Где там мои струменты?» — решительно поднялся Михалап.
Он пошарил в темноте за балкой и достал оттуда старенький заплатанный мешок — его ещё бабка Апраксия сшила, а дырки на нём он самолично латал. Эти — как Михалап их называл — «струменты» он завсегда с пользой применял. Если, к примеру, хозяин жилья был ловок, степенен и хозяйственен и домовому был по нраву, то он всё в его дому аккуратно ремонтировал в свободное время — которого у него завались. Например — если где-то поломка или доска от гвоздя отстала. Тут он её и подладит. Хорошему человеку и помочь не в падлу — как говорили лагерные зэки. А если шелупонь какая — как эти московиты, к примеру — то не грех им и навредить слегка. Тут тоже струменты пригождаются. Проводку, там, сверлом спортить, потолок топориком обрушить, или крышу зубилом прохудить.
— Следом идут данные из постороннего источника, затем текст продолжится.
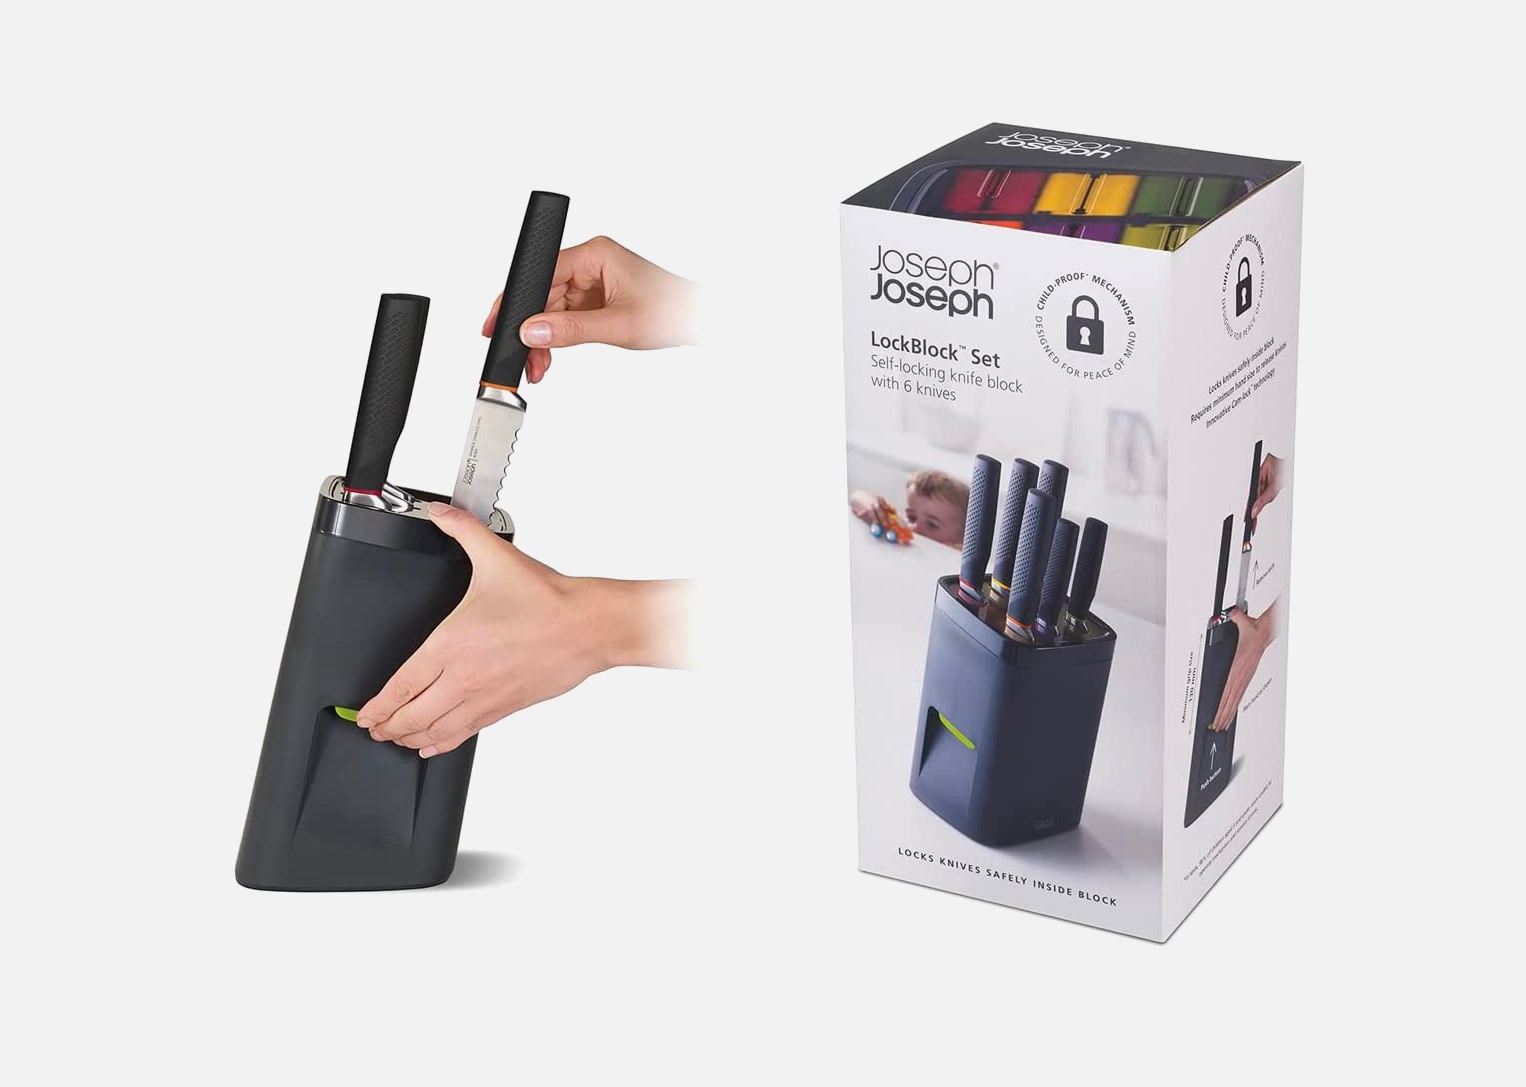 Product Of The Week: Child-proof Knife Set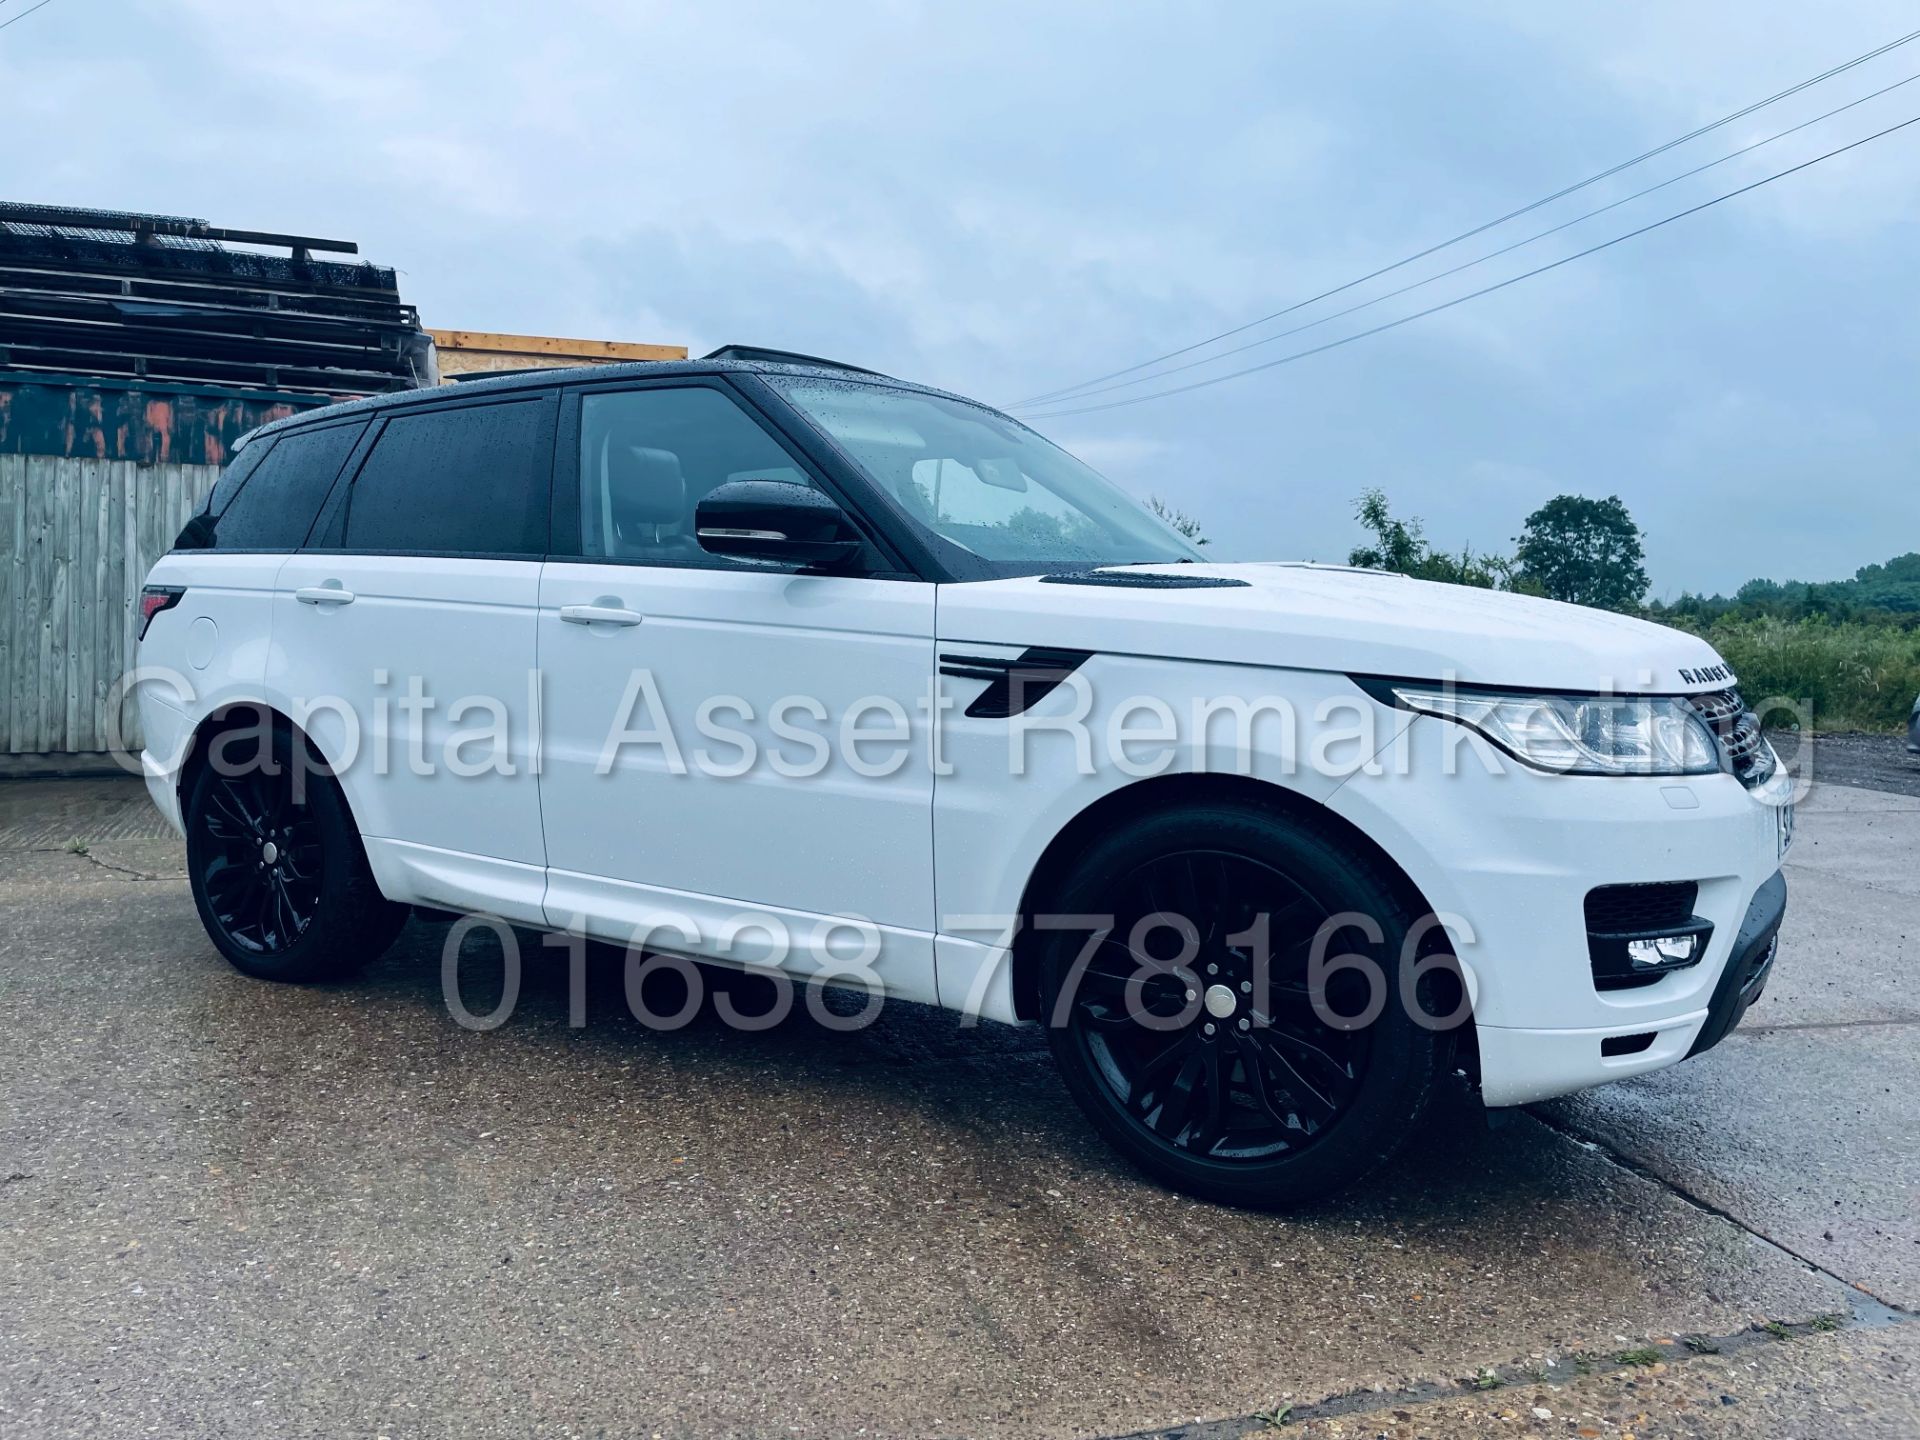 (On Sale) RANGE ROVER SPORT *SPECIAL EDITION* (2014 - FACELIFT) '3.0 TDV6 - AUTO' *NAV & PAN ROOF*

В общем — очень полезный был у него мешочек. В ём — и топорик ладный есть, и долото старинное, и ножницы ещё дедовы, и ещё много чего всякого нужного в хозяйстве. Есть и вострое шильце, которым Михалап сегодня собрался уколоть эту самую Ларку-свиристёлку. Куда-нить в лопатку или, там, в ягодицу, когда она спиной во сне повернётся. Или уж куда получится. Та и не поймёт вовсе — чо да почему? Подумает — комар её куснул аль блоха цапанула. Капельку крови эту он тут же в чарочку стеклянную капнет, что у него ещё от Акима осталася.
«Вот она и чарочка», — приготовил он стеклянный стаканчик, сунув его в карман.
Как все домовые Михалап был основательным мужичком — готовился к делу, как следует. Надел на себя ватные штаны, кухайку Акимову, его же малахай заячий, и, закинув на плечо бабкин мешочек, хорошенько потопал ногами, уминая Акимовы кирзовые сапоги. Всё путём, всё ладно — всё ж, никак на мокрое дело идёт. Не хухры-мухры.
Девушка проснулась среди ночи от странного ощущения. Будто кто-то пристально наблюдает за ней из темноты, глядя прямо в лицо. Она и раньше, до проявления дара, нечто подобное чувствовала, а теперь и подавно поняла, что это домовой. И его взгляда даже ничуть не испугалась. Поладят как-нибудь, чай, не чужие. А если это Евдокия, случаем, то и её в этот раз она встретит. Как следует. Как воин, а не беззащитная жертва. Евдокия — всего лишь кошка, а она, Арония, теперь волчица.
Но тут она увидела, как откуда-то прямо с потолка на пол, будто кот, с лёгким шорохом обрушился небольшой мужичок. Был он в потрёпанной фуфайке и с мешком на плече. Даже не глядя на Аронию, он принялся деловито в нём рыться. Затем, что-то достав, шагнул к дивану, на котором, смежив веки, притаилась девушка. Она с интересом ждала продолжения этого действа. Мужичок, видимо, будучи полностью уверен в своей безнаказанности, легко сиганул ей на грудь и чем-то замахнулся. В его руке блеснуло что-то тонкое и явно металлическое. Арония мгновенно схватила его за эту лапу одной рукой, а другой — ухватила его за косматое ухо, торчащее из-под малахая.
— Кто тут ко мне незваным гостем пожаловал? — медовым голосом спросила она: Никак это ты, Михалап!
— Это ещё глянуть надо — кто к кому пожаловал! — загукал, заверещал, отбиваясь, домовой. — Я тут хозяин! А не ты! Отпусти, Ларка! А то хуже будет!
— Не Ларка я, невежа! — строго ответила девушка. — Я — Арония, ведунья. И твоя смерть — если не научишься вести себя.
— Так уж и смерть? — продолжал отбиваться Михалап. — И никакая ты не ведунья! Вон, Явдоха чуть тебя не уходила, а ты и не рыпнулася! И если б не бабка Полина…
— Не бабка! А Полина Степановна! — продолжая крутить ему ухо, внушала девушка. — Что ж ты, Михалап, такой грубиян?
— Сама — грубиян! — завопил тот. — Я спасти тебя хотел!
— Это как? Вот этим шильцем заколоть?
Продолжая держать его за ухо, Арония выхватила опасный инструмент из его лапы.
— Не заколоть, а взять у тебя каплю крови! Чтоб Явдоха от тебя отстала! Она ж с тебя живой не слезет. А я б отдал ей каплю и всё на том! — сердито верещал домовой.